Your task is to give the listing below back word for word, pictures excluded.

▶ [Information supplied]
#####
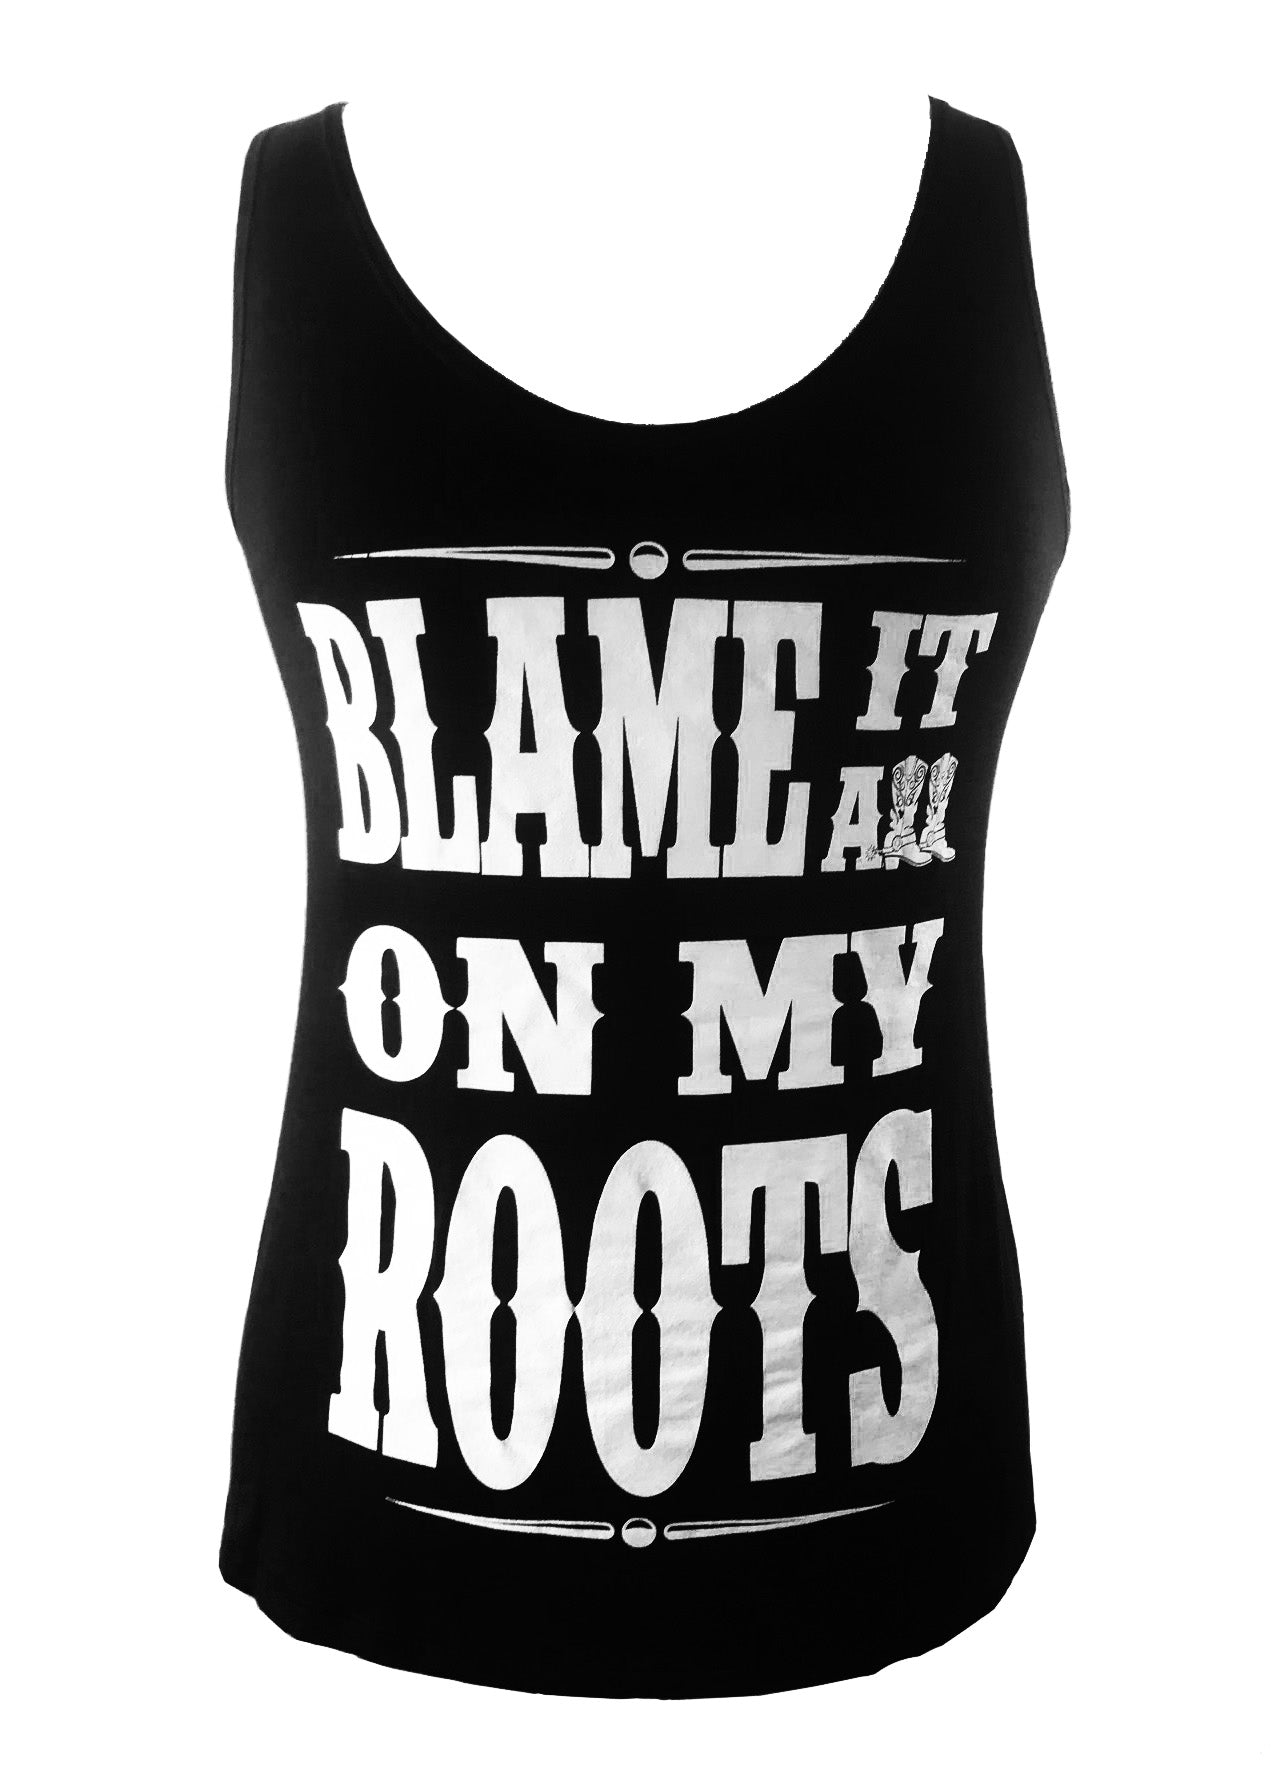 BLAME IT ON MY ROOTS TANK TOP - Trailsclothing.com
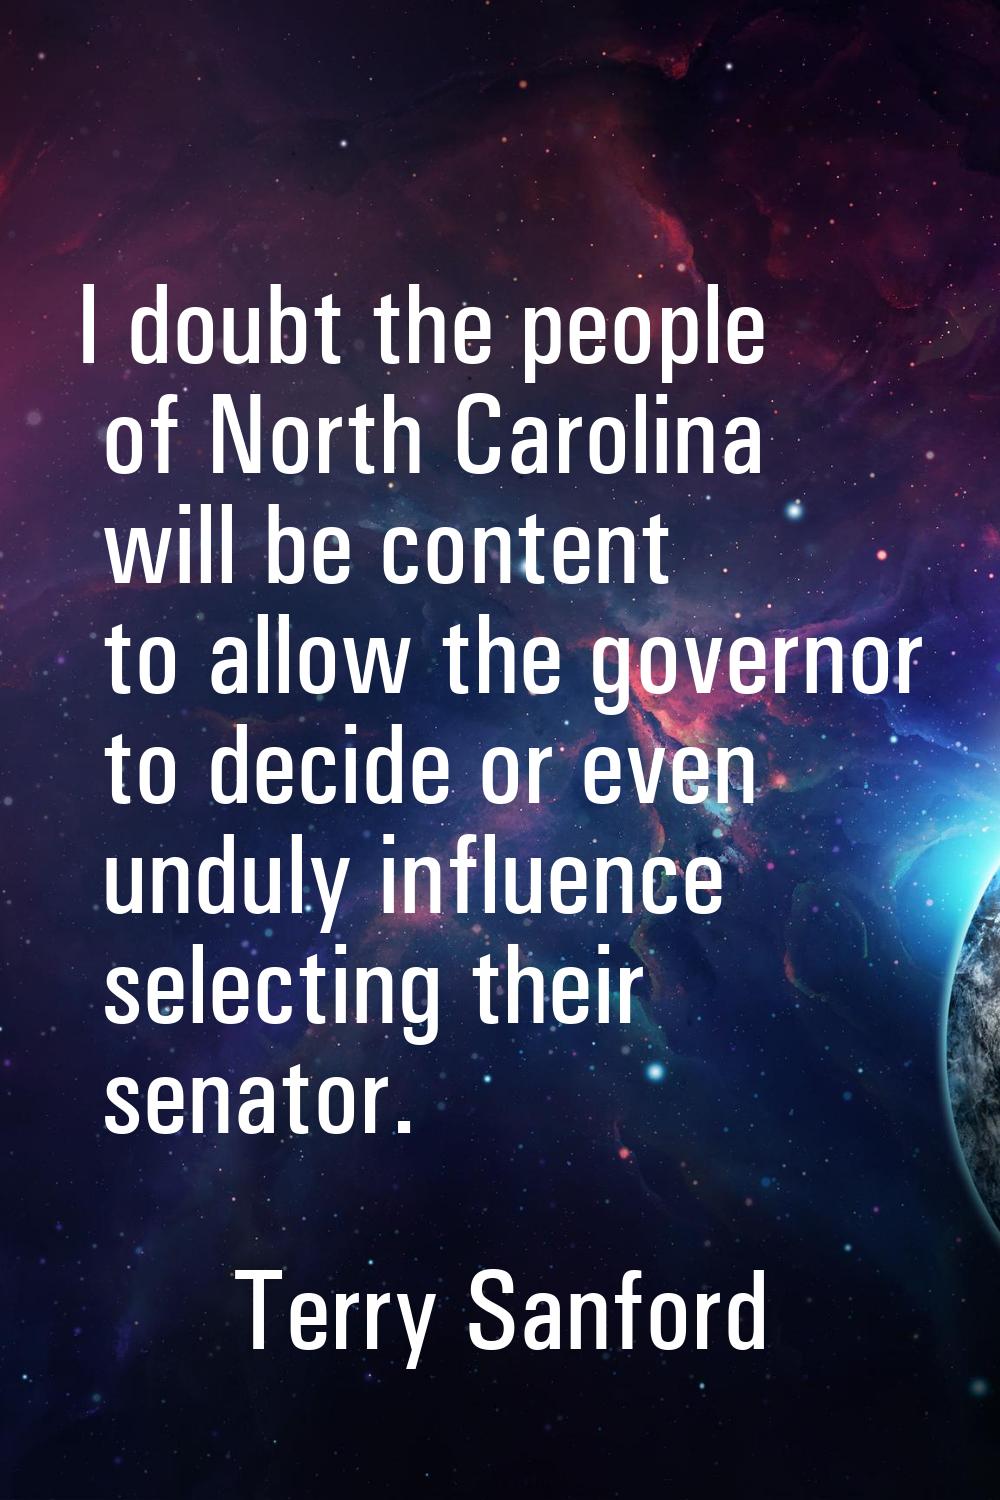 I doubt the people of North Carolina will be content to allow the governor to decide or even unduly
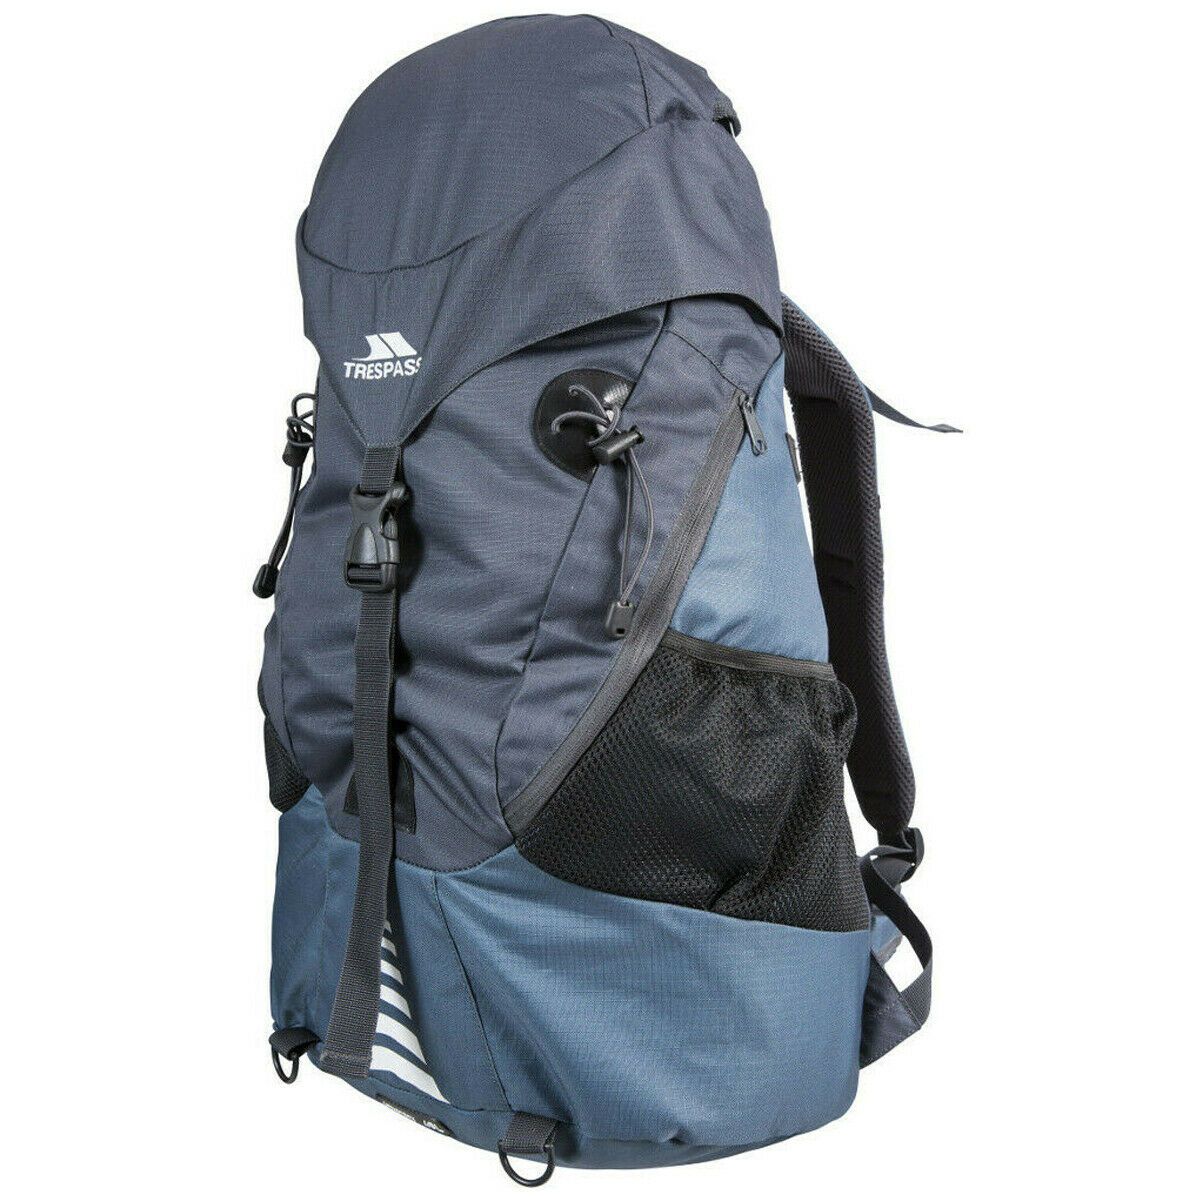 Trespass Unisex Inverary Travel Hiking Backpack Various Colours Inverary - Navy 45 Litre
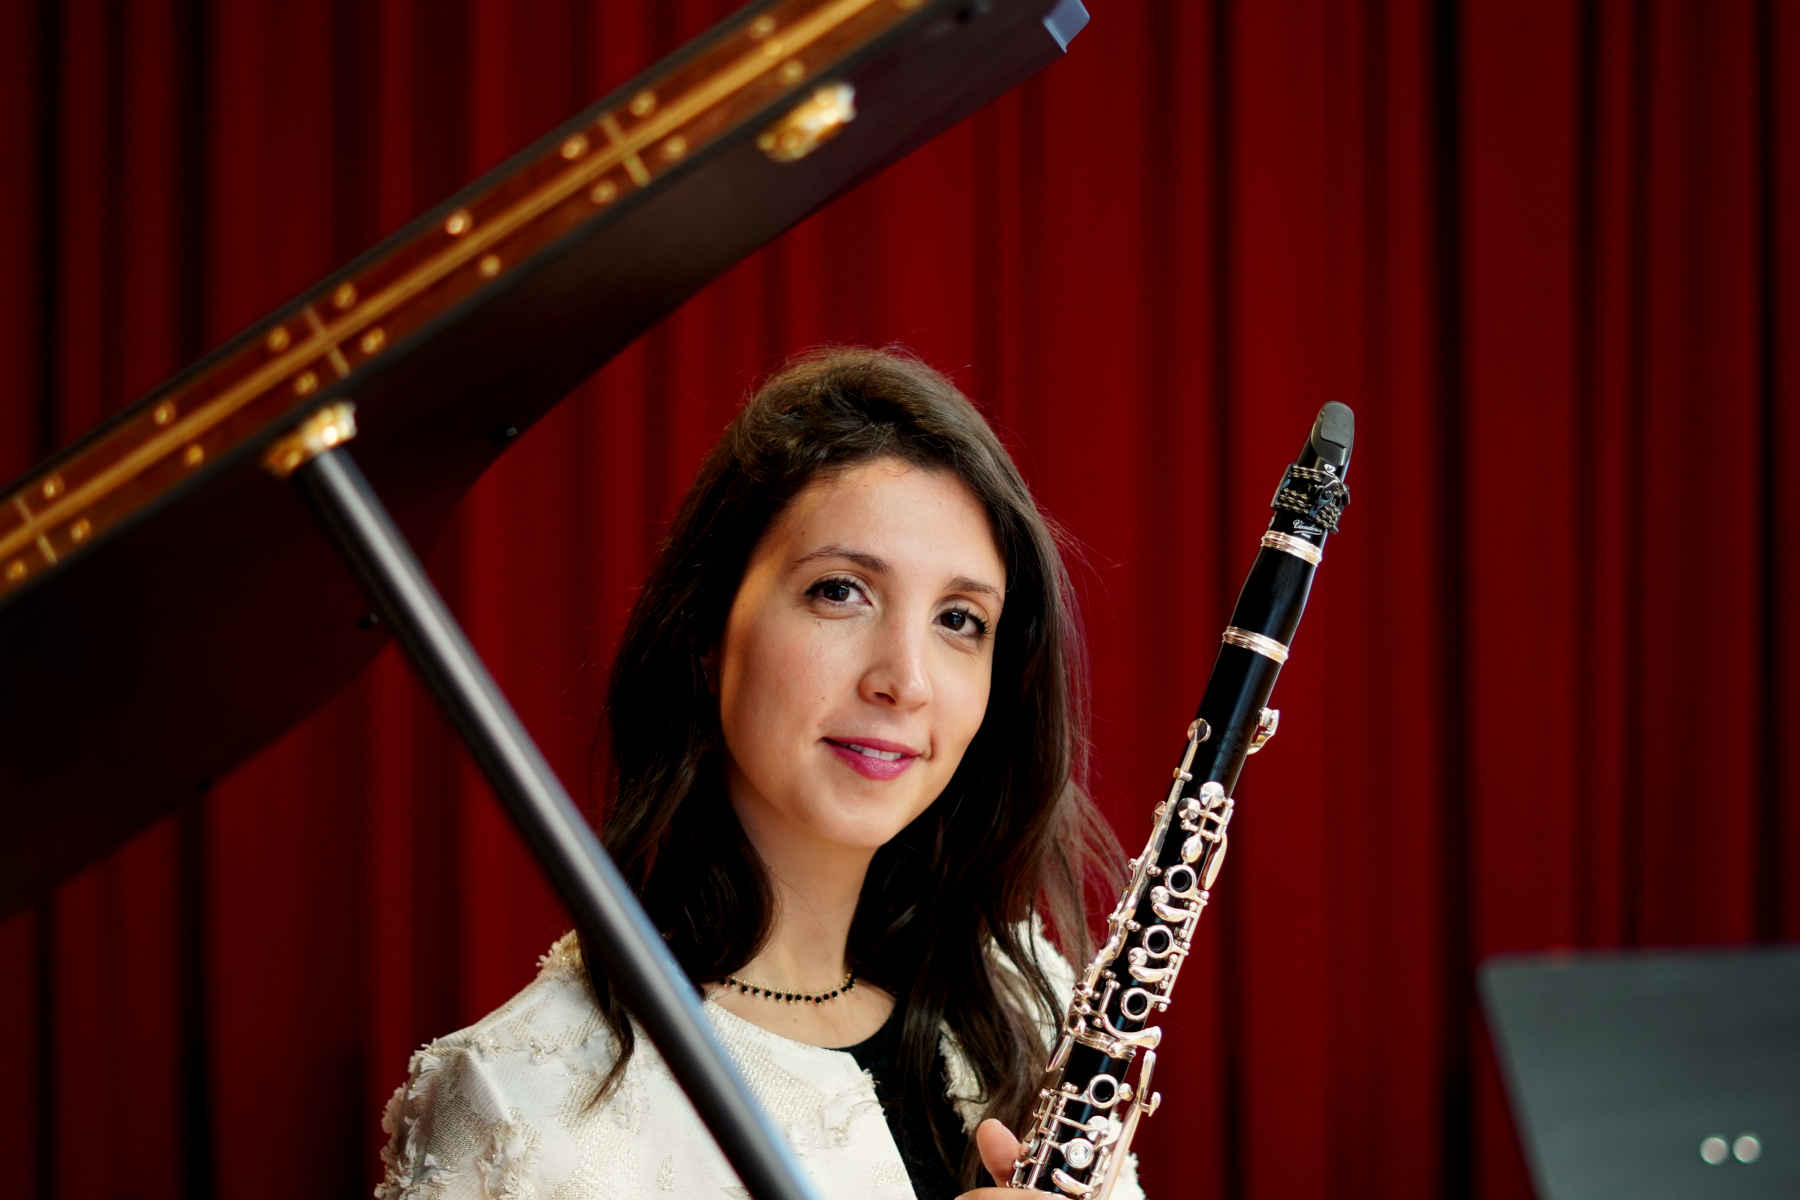 Learning to play the Clarinet – 20 questions for Flavia Feudi
#####
▶ [Result below]
 BLAME IT ON MY ROOTS TANK TOP - Trailsclothing.com
 I doubt the people of North Carolina will be content to allow the governor to decide or even unduly
 Trespass Unisex Inverary Travel Hiking Backpack Various Colours Inverary - Navy 45 Litre
 Learning to play the Clarinet – 20 questions for Flavia Feudi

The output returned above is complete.